Como se não bastasse a trabalheira imposta às mulheres na tripla jornada de trabalhar em home office, cuidar das tarefas domésticas e dar conta das crianças, a pandemia, sempre ela, vem contribuindo para aumentar os casos de um distúrbio insidioso, perturbador e, na maioria dos casos, escondido de todo mundo: a sensação de incompetência, de ser incapaz de fazer qualquer coisa direito — uma fenda na autoestima exacerbada pelo isolamento, que distancia a pessoa do mundo real e objetivo e a submerge mais ainda no ambiente filtrado e sem defeitos da internet.
Batizado de síndrome do impostor (embora não seja uma patologia), o conjunto de sintomas psicológicos associados ao sentimento de incapacidade, sobretudo nos ambientes acadêmico e profissional, é diagnosticado há décadas. No último ano, porém, ficou evidente que o comportamento, uma espécie de autossabotagem, afeta mais as mulheres do que os homens. “Sinto-me insuficiente como mãe e, principalmente, como profissional. As redes sociais agravaram o quadro, porque ficava me comparando com a vida perfeita que os outros parecem ter”, diz a paulista Camila Fremder, de 39 anos, que apresenta dois podcasts de sucesso, mas nunca escuta o próprio trabalho porque acha que não são bons o bastante.
Por terem entrado mais tarde no mercado de trabalho e lidarem até hoje com notórias desigualdades de tratamento, muitas mulheres encaram com preocupação e evidente insegurança os avanços na carreira. “Mesmo hoje, elas ainda são vistas como o sexo frágil, a quem cabe ser mãe e cuidar da casa porque são incapazes de cumprir obrigações profissionais”, observa a psicanalista Edoarda Paron. “Isso obviamente gera uma autopercepção bastante negativa.” O sentimento de não ser capacitada e estar enganando todo mundo espalha-se por diferentes profissões e classes sociais. Ele não impede que a mulher se desenvolva, é verdade, mas envolve o processo em doses exageradas de sofrimento e dúvidas.

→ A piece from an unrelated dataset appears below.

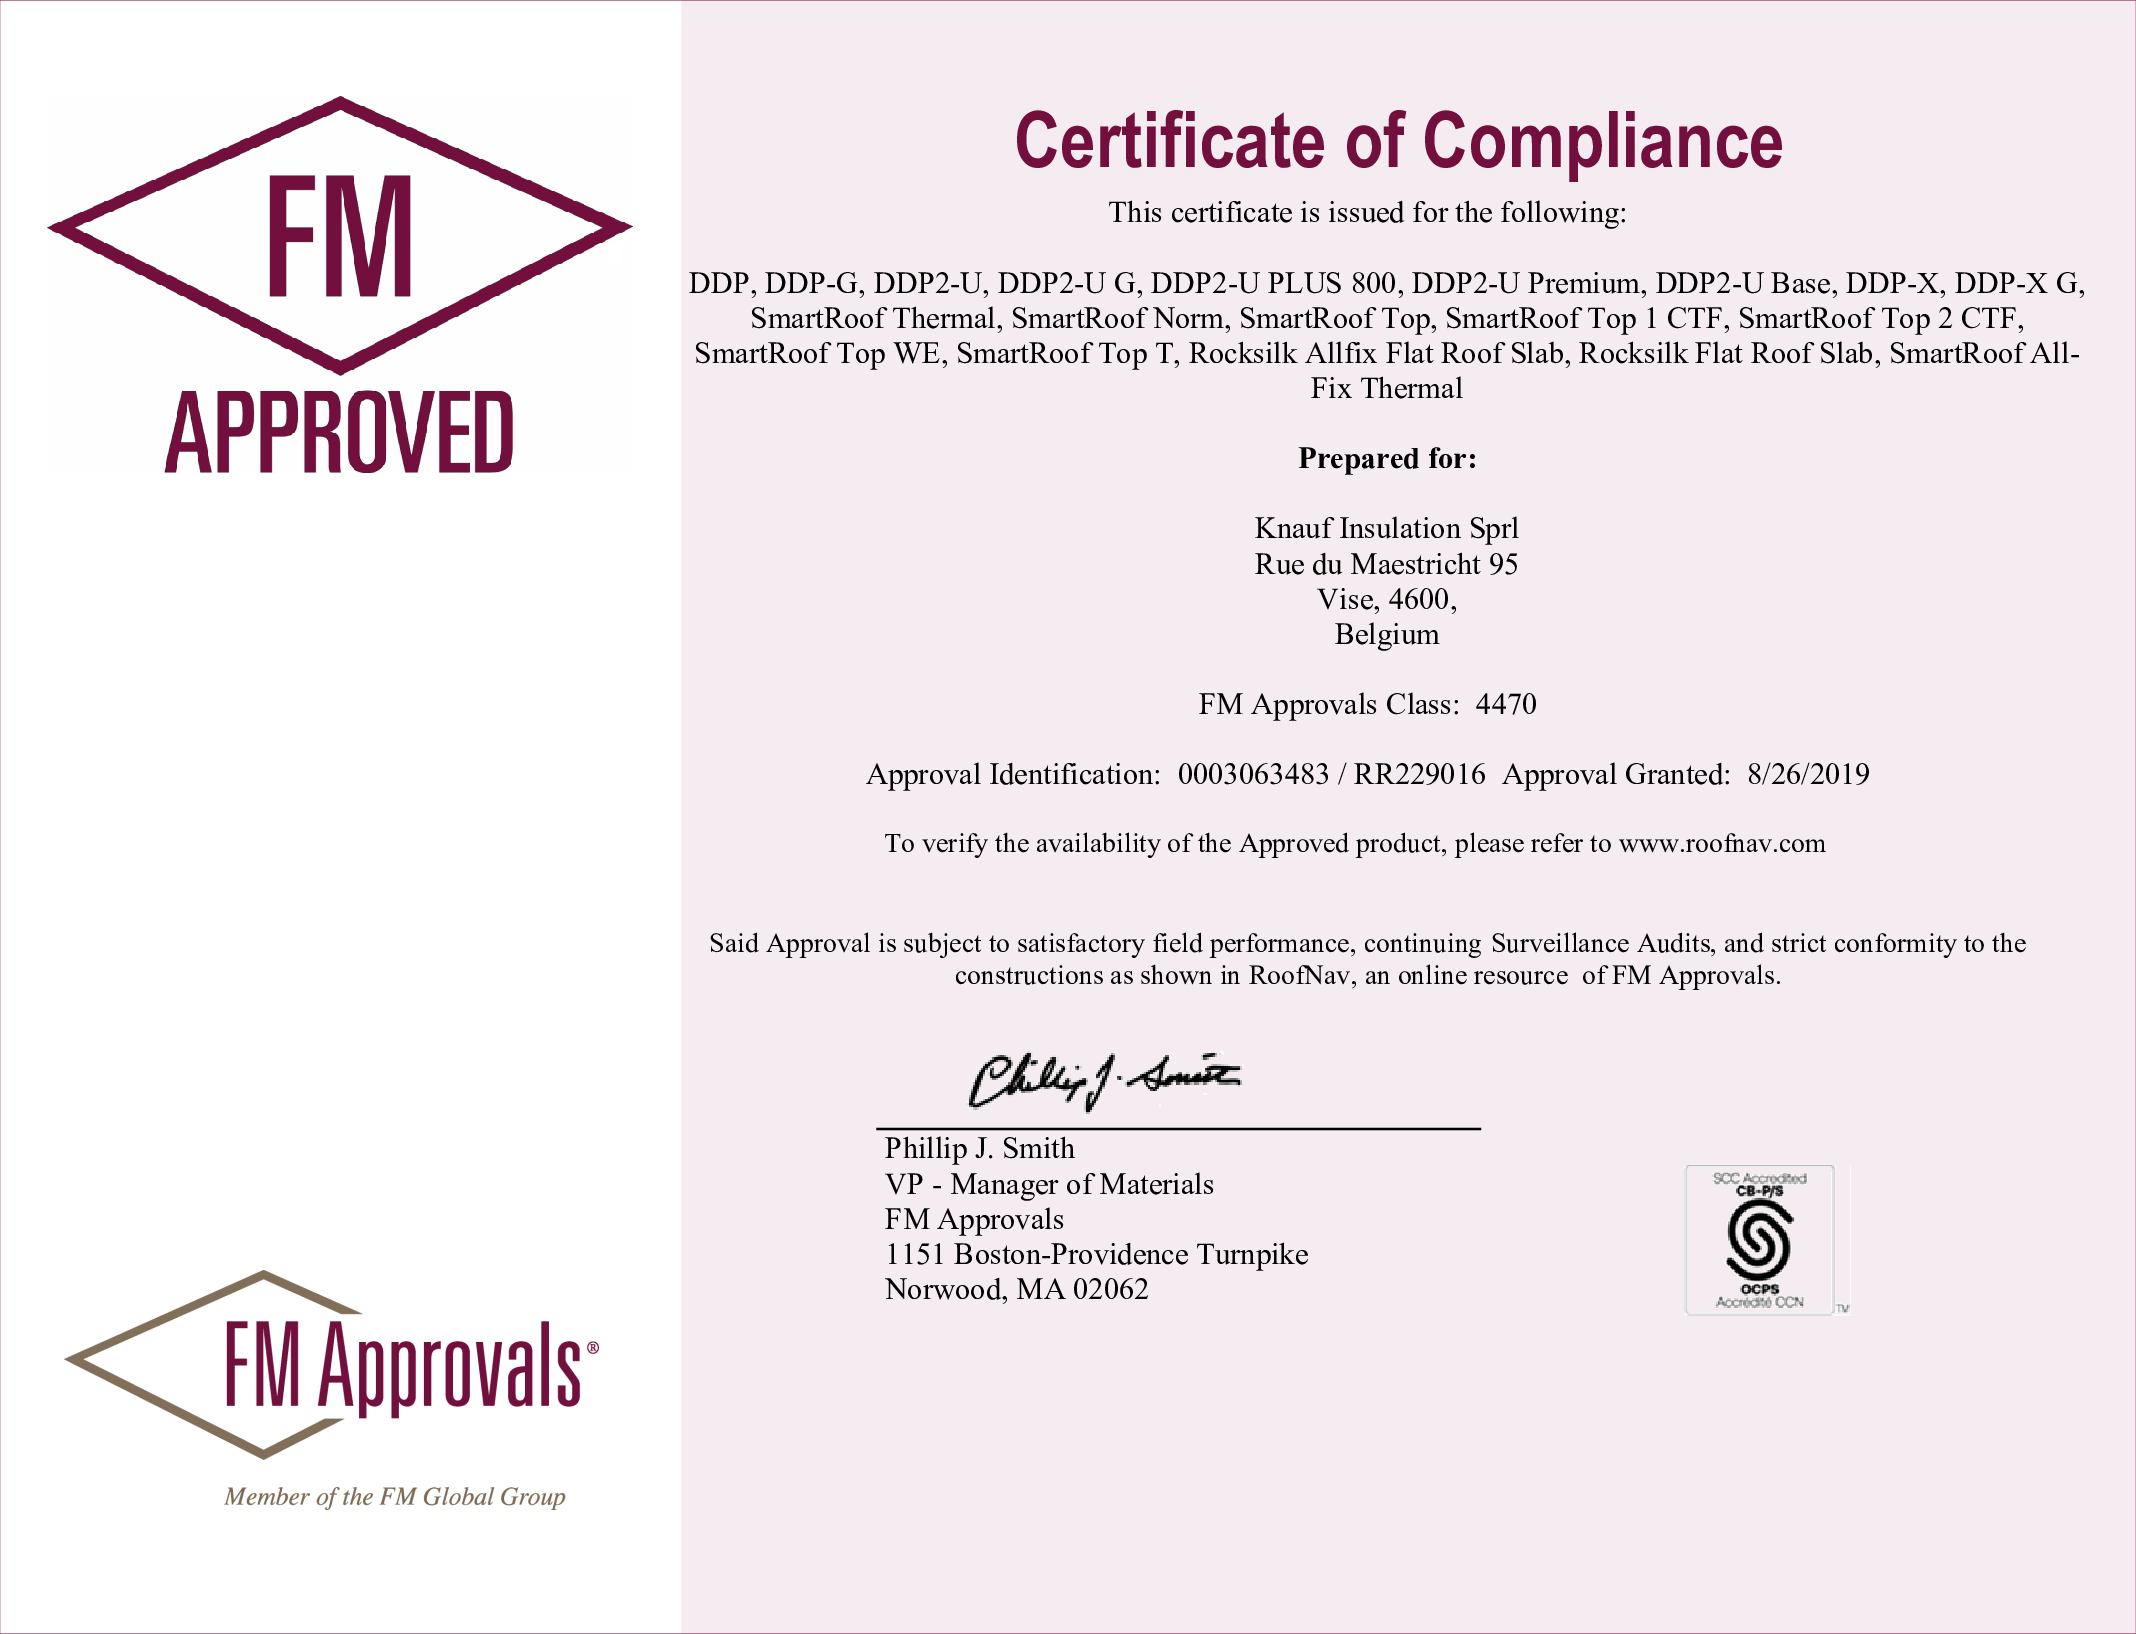 FM Approval - Certificate of Compliance
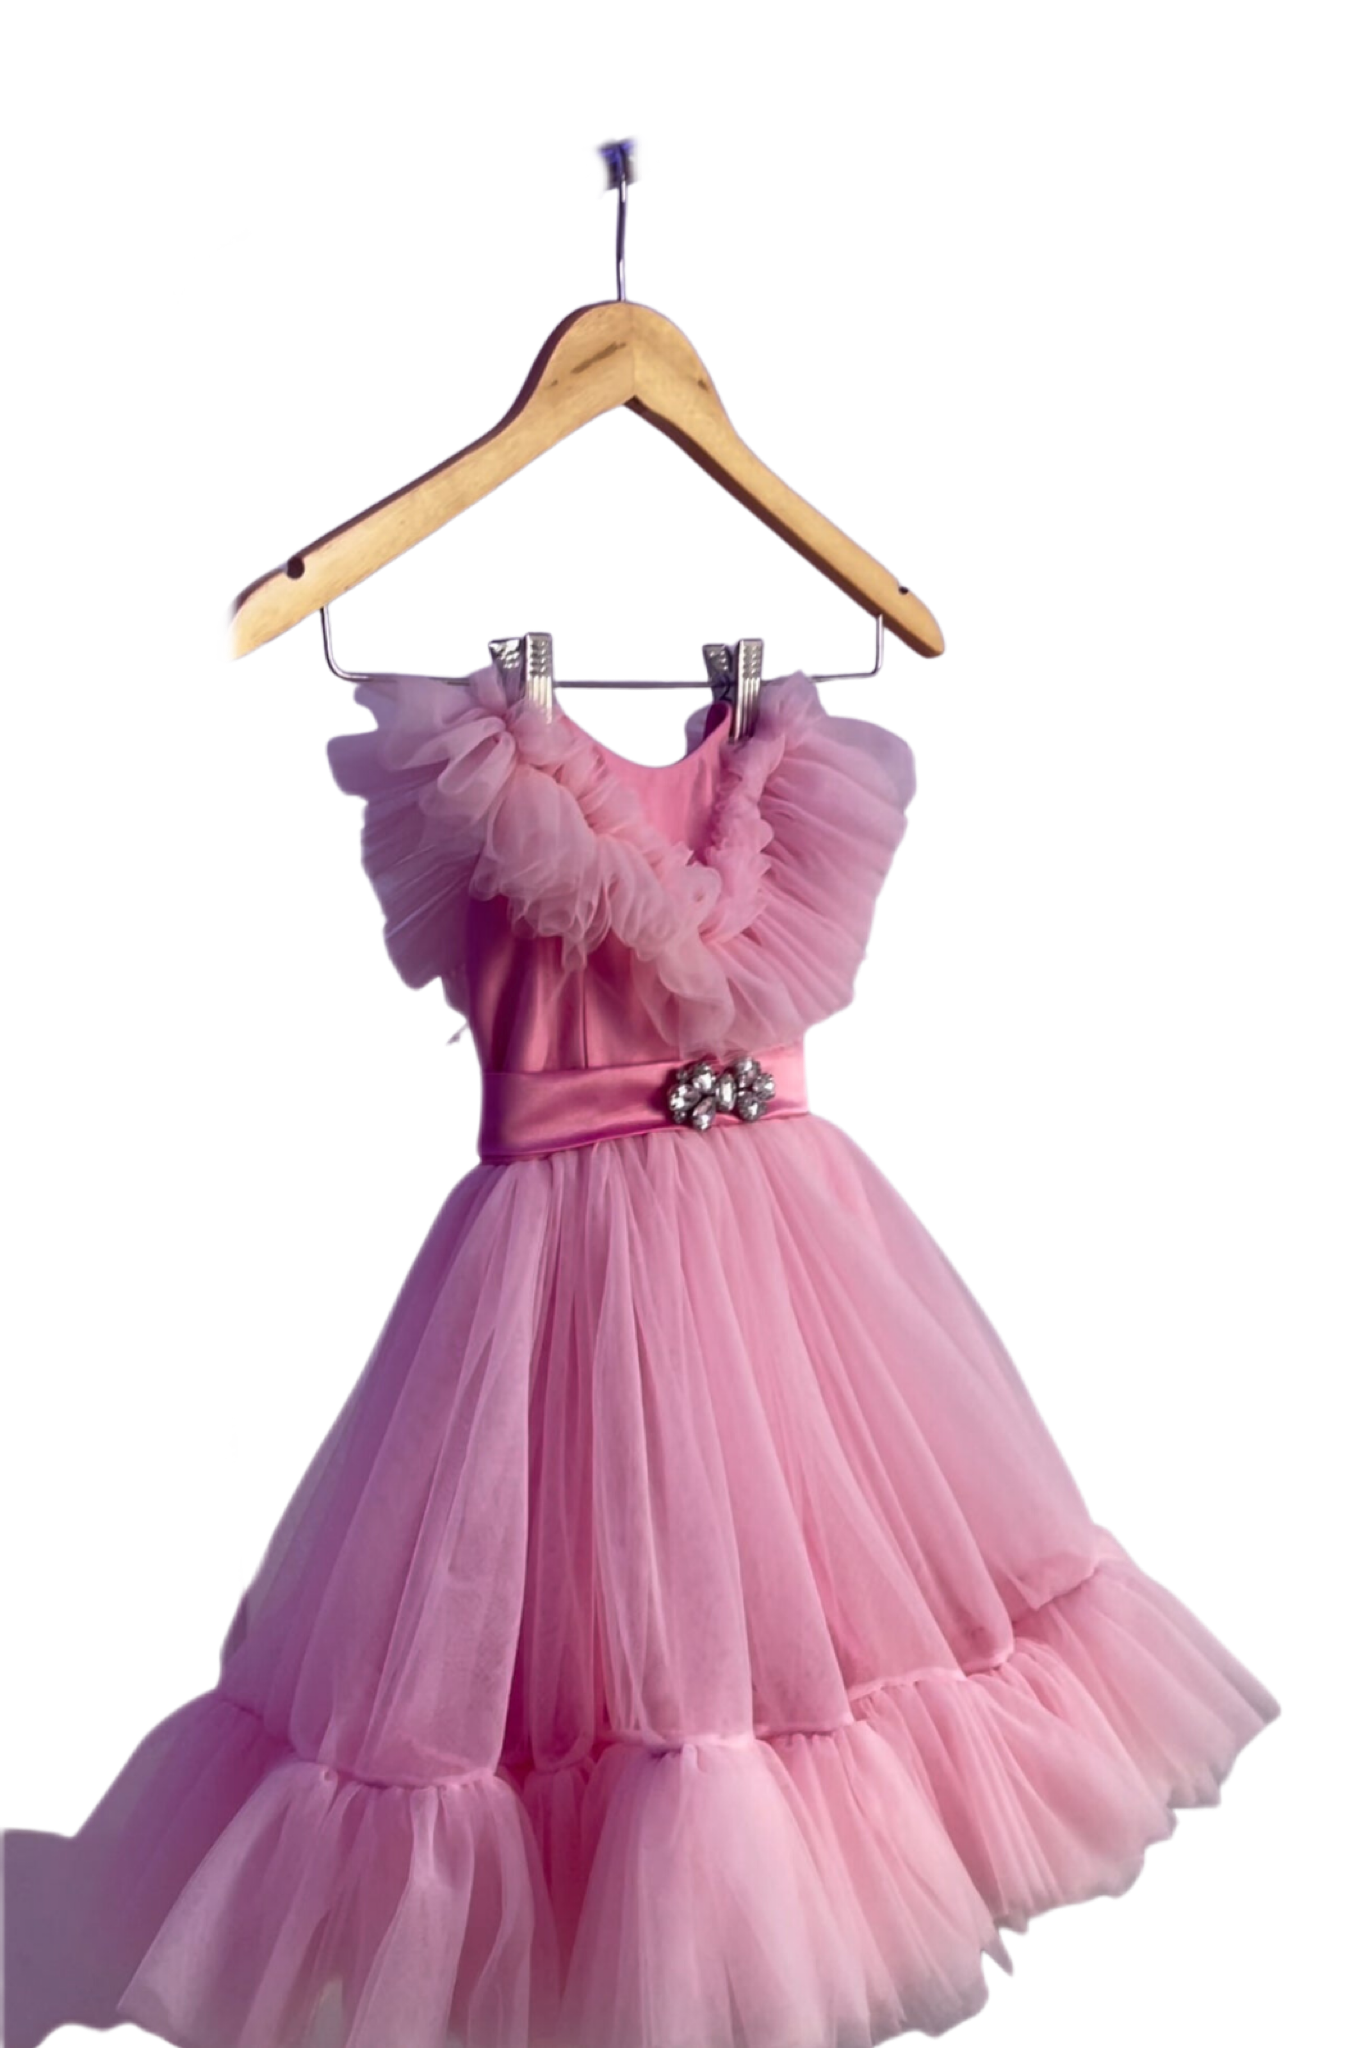 Little Angel Tulle Dress

A síndrome atinge, sim, muitas mulheres de prestígio reconhecido mundialmente: a ex-primeira dama americana e superinfluenciadora Michelle Obama, bem como as atrizes Emma Watson, Jodie Foster, Meryl Streep e Kate Winslet estão entre as que declararam sofrer esse tipo de insegurança. “Fico pensando: por que alguém vai querer me ver de novo em um filme? Além disso, não sei atuar, então por que continuo fazendo isso?”, abriu-se com franqueza, certa vez, Meryl Streep, a atriz multi-Oscar. “A síndrome de impostor é dureza”, definiu Michelle em entrevista. “Duvidamos da nossa capacidade de julgamento, das nossas habilidades e dos motivos para estarmos naquela posição”, reforçou ela.
Um estudo realizado pela Universidade da Geórgia, nos Estados Unidos, mostrou que 70% das entrevistadas, todas executivas influentes, se sentem “uma fraude”, ou seja, não merecem os cargos que ocupam. A apresentadora e escritora brasileira Rafaella Brites, 34 anos, revela que sente o problema desde a faculdade e que foi piorando à medida que se via mais cobrada, ao ganhar visibilidade e reconhecimento profissional. Em 2020, Rafaella penou para lançar um livro — sucesso de vendas, diga-se de passagem — contando sua experiência com a síndrome. “Não entendia por que as pessoas comprariam meu livro, com tantas escritoras muito mais relevantes. Não me comparar com os outros e continuar escrevendo foi um exercício diário”, lembra.
Experiência semelhante relata a fotógrafa Hannah Lydia, 24 anos, sempre sobressaltada com a perspectiva de descobrirem que é “uma farsa” — mesmo tendo recebido prêmios por seu trabalho. Se não for tratado, em geral com terapia, avisam especialistas, o distúrbio pode desencadear ansiedade e depressão. “A pessoa se sente culpada diante do fracasso e, quando conquista algo, atribui à sorte ou ao destino”, diz a psicóloga Ciça Conte. Reconhecer a existência do problema é essencial, mas, ressalta a consultora de recursos humanos Sofia Esteves, as empresas também precisam fazer sua parte, valorizando a contribuição feminina, uma ação ainda lenta e tímida em vários locais de trabalho. “Cabe às corporações se esforçar para que as mulheres se sintam confortáveis e confiantes”, afirma. Da ultrabem-sucedida Michelle Obama vem a lição definitiva: “Encare os pensamentos negativos, sem deixar que eles a impeçam de ocupar espaços e fazer seu trabalho. A única maneira de crescer e superar os medos é aprender a confiar que sua voz e suas ideias têm valor”. Michelle sabe o que diz.